La Suisse se fait taper sur les doigts
Enfant mort-né enterré: la Cour de Strasbourg condamne la Suisse
Strasbourg, 14 février 2008 (Apic) Un enfant mort-né d’une requérante d’asile algérienne n’aurait pas dû être enterré sans cérémonie à Buchs (AG) en 1997. Enfant mort-né enterré: la Cour de Strasbourg condamne la Suisse par la Cour européenne des droits de l’homme. Celle-ci a condamné la Suisse à verser à la plaignante 3’000 euros pour tort moral et 5’000 euros pour ses frais, indique l’ATS, citée par Romandie New.

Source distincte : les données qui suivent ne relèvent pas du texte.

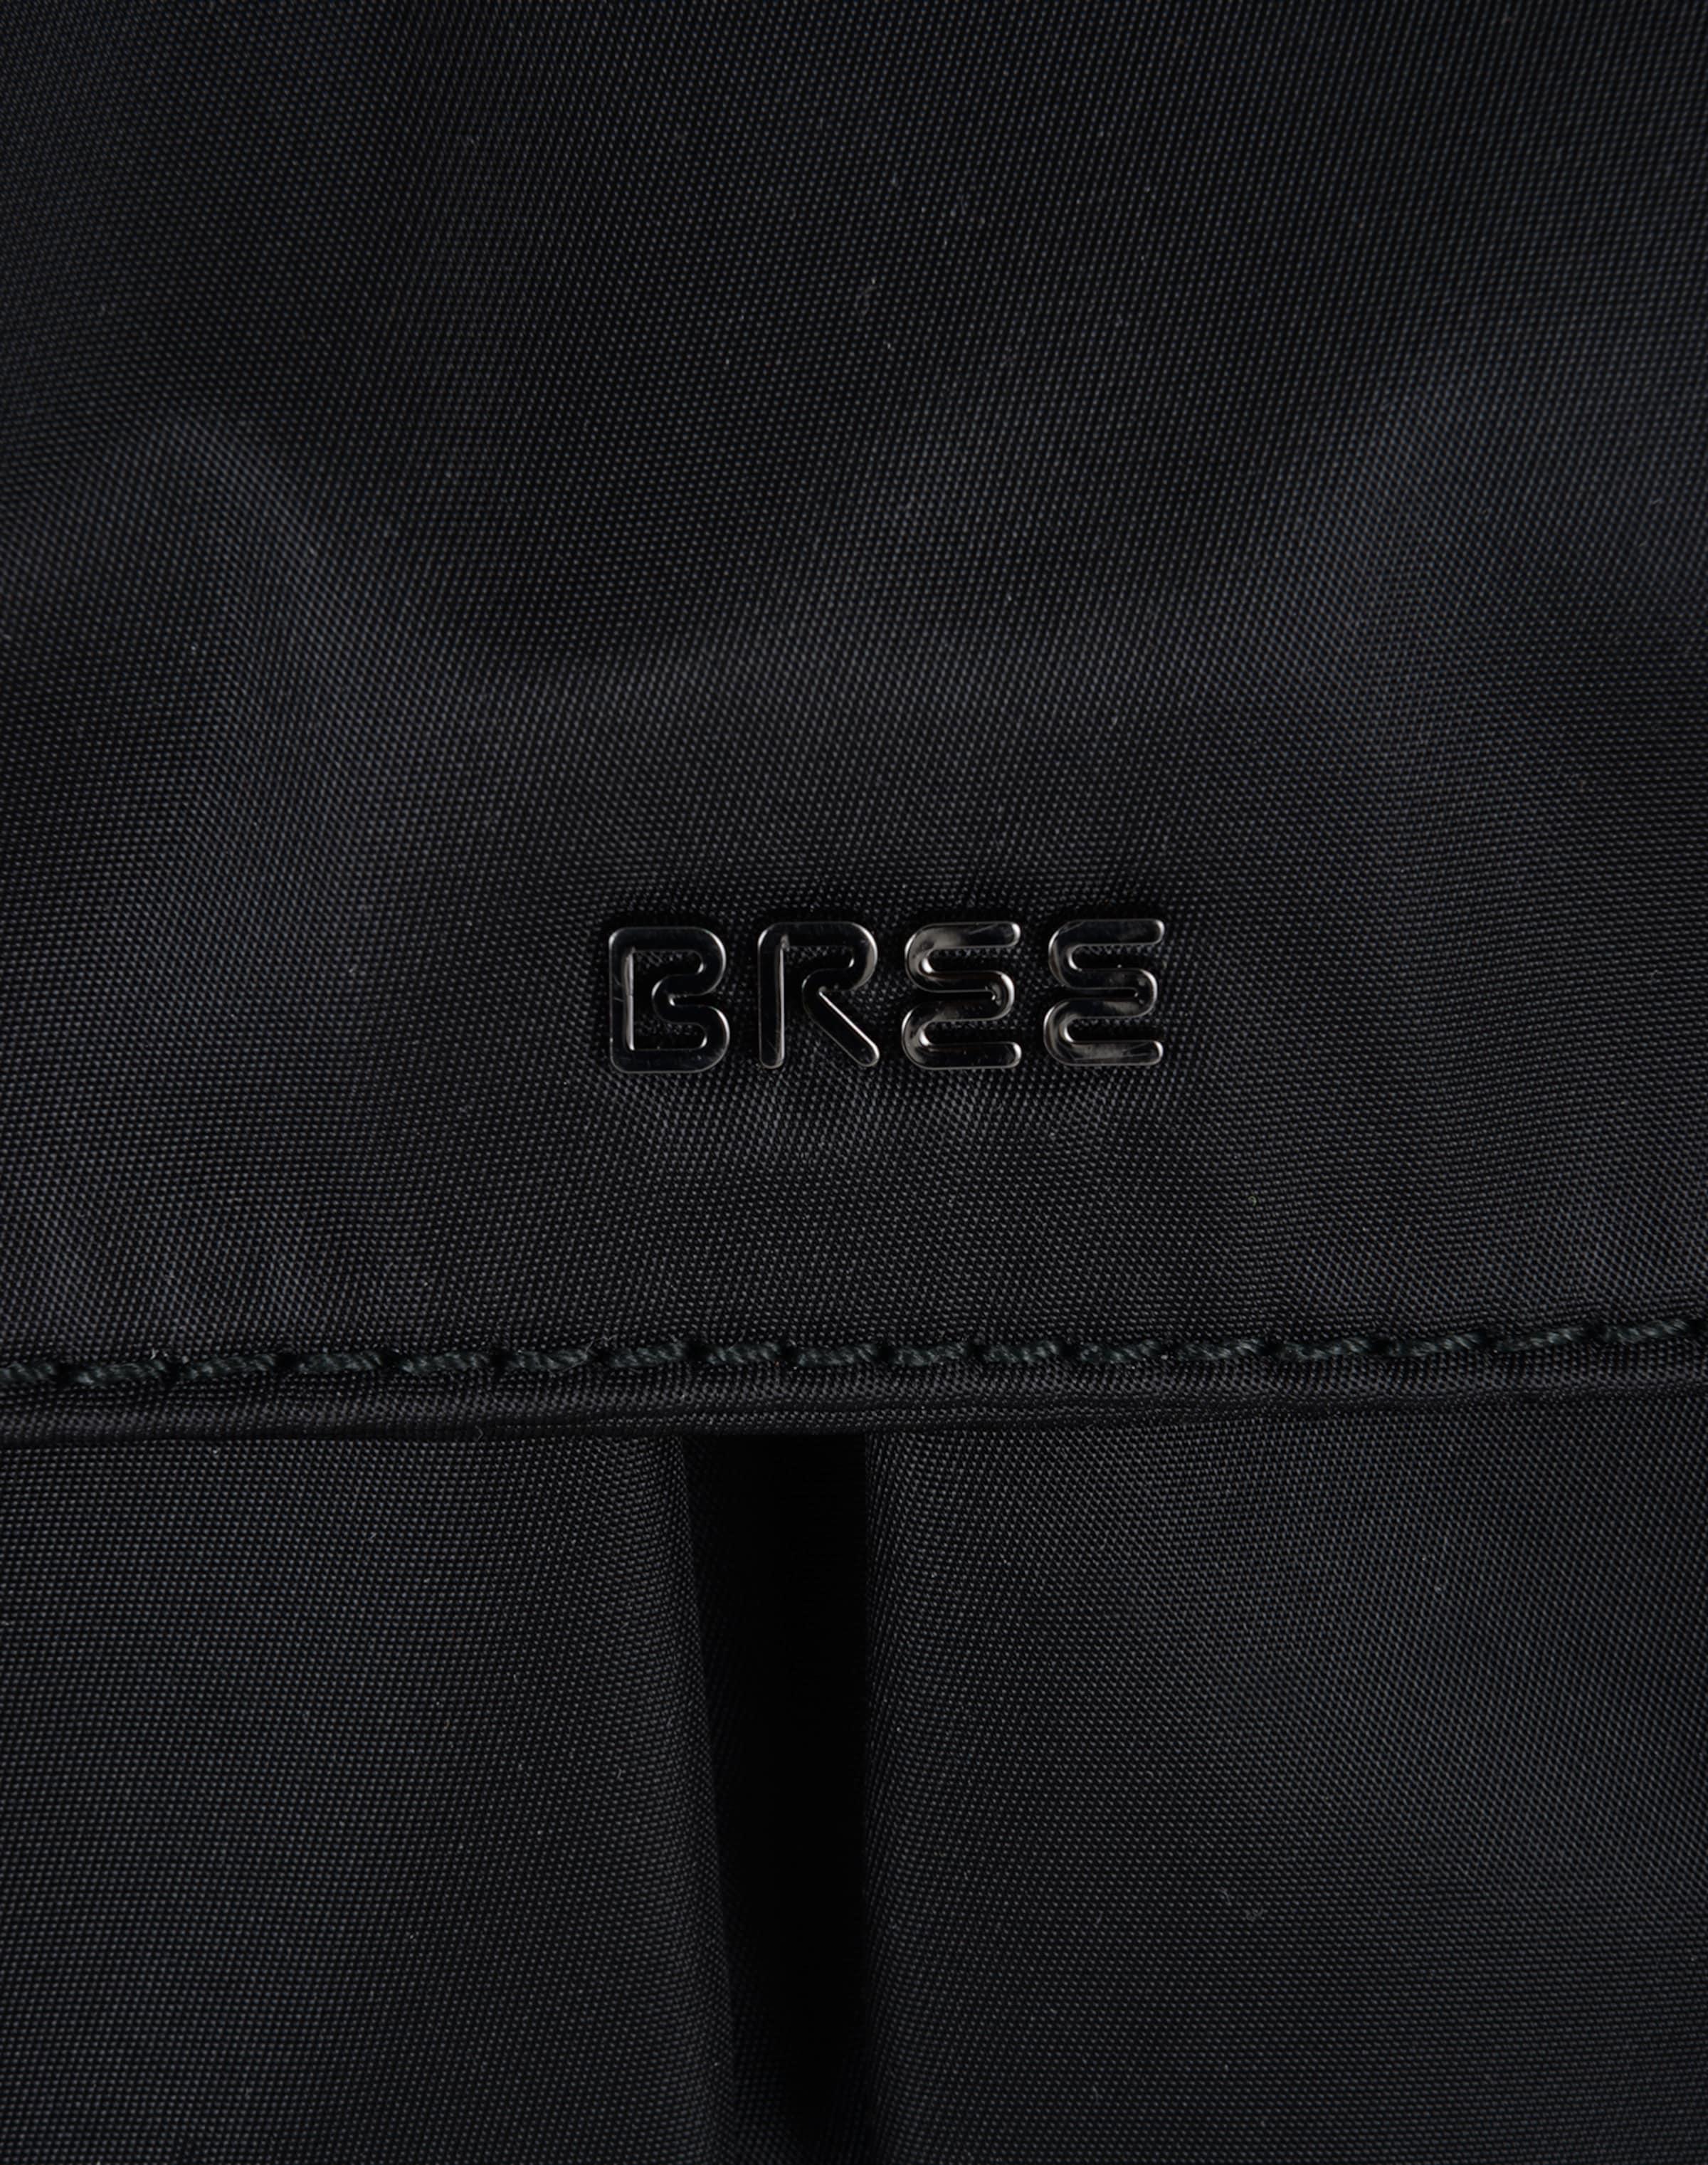 Messenger 'Barcelona' Bag 'Barcelona' BREE Messenger BREE BREE Messenger Bag Bag Bag BREE 'Barcelona' Messenger x1YqOwf55

La requérante avait donné naissance à un enfant mort-né après 26 semaines de grossesse. Le corps de l’enfant fut transporté dans une camionnette de livraison au cimetière de Buchs et enterré dans une tombe commune pour les enfants morts-nés.
Peu après, la mère a déposé plainte pour abus d’autorité et atteinte à la paix des morts contre les fonctionnaires. Un an plus tard, à la demande de la plaignante, le corps a été exhumé et transféré aux frais de la commune à son nouveau domicile dans le canton de Genève, où il a été inhumé selon un rite catholique.

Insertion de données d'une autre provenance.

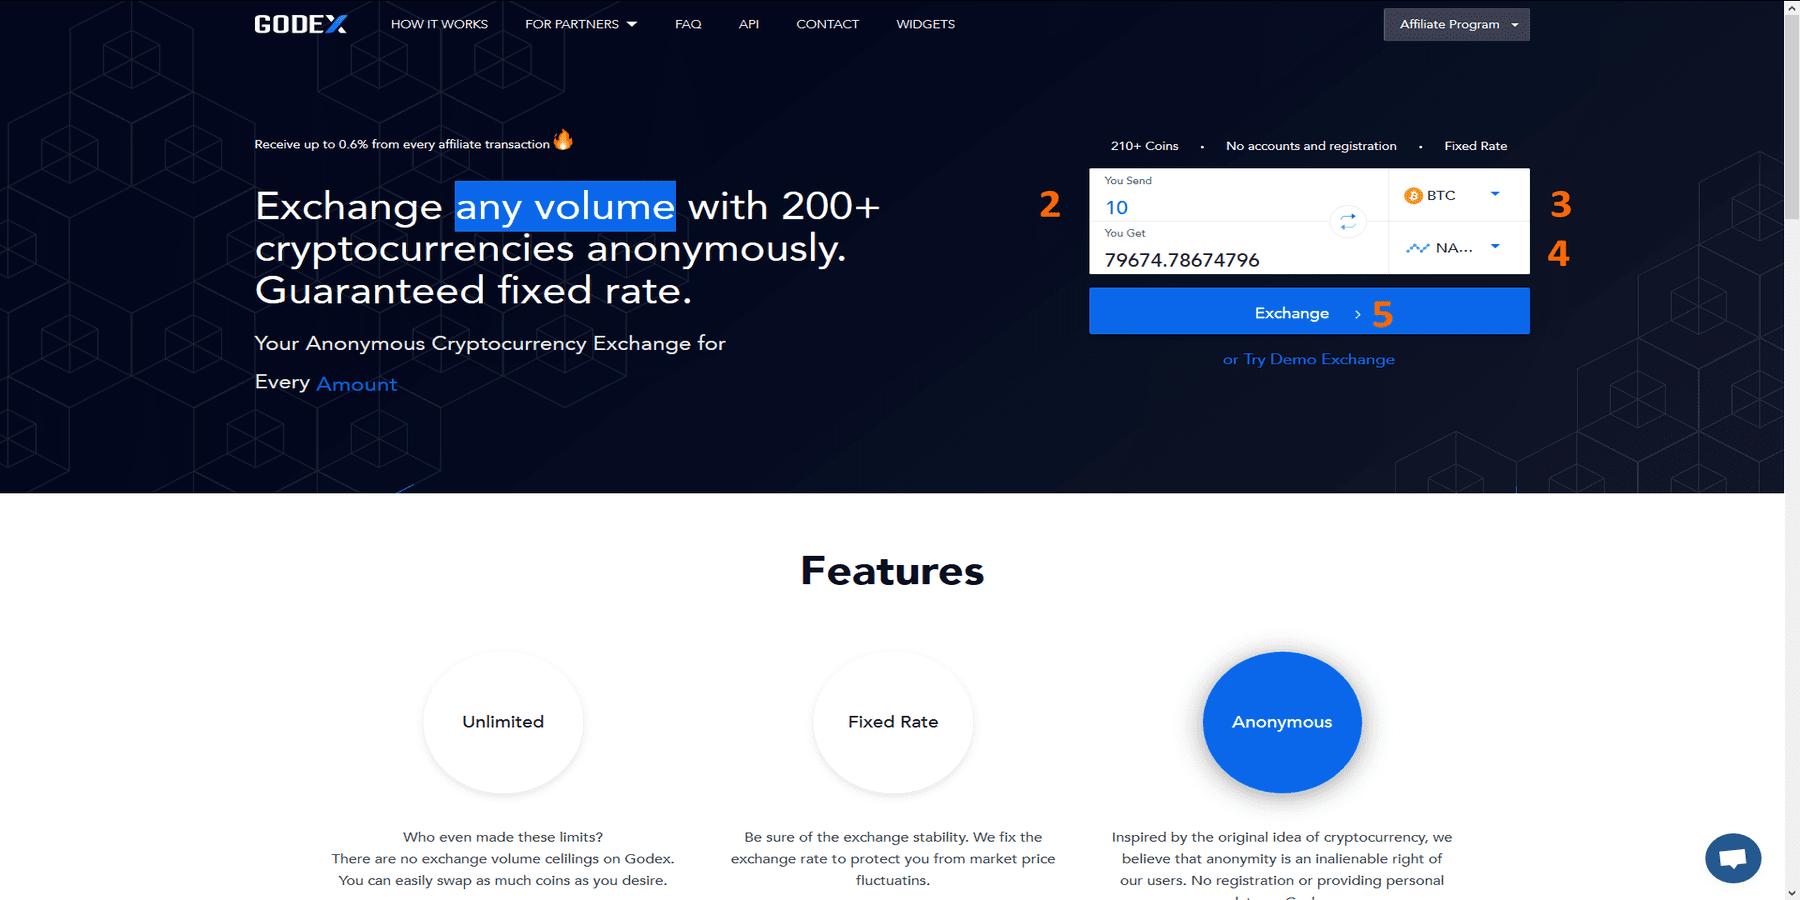 Trading sur Godex

Tant la cour suprême argovienne que le Tribunal fédéral avaient jugés irrecevables les recours de la plaignante. Ils avaient estimé que l’élément intentionnel faisait défaut dans les actes des deux fonctionnaires, même s’ils avaient effectivement violé certains articles de loi.
Une interprétation que ne partagent pas les juges de Strasbourg. Le fait qu’ils aient agi de bonne foi « ne libère aucunement la Suisse de sa propre responsabilité internationale au titre de la Convention européenne des droits de l’homme », ont-ils considéré. (apic/ats/rn/pr)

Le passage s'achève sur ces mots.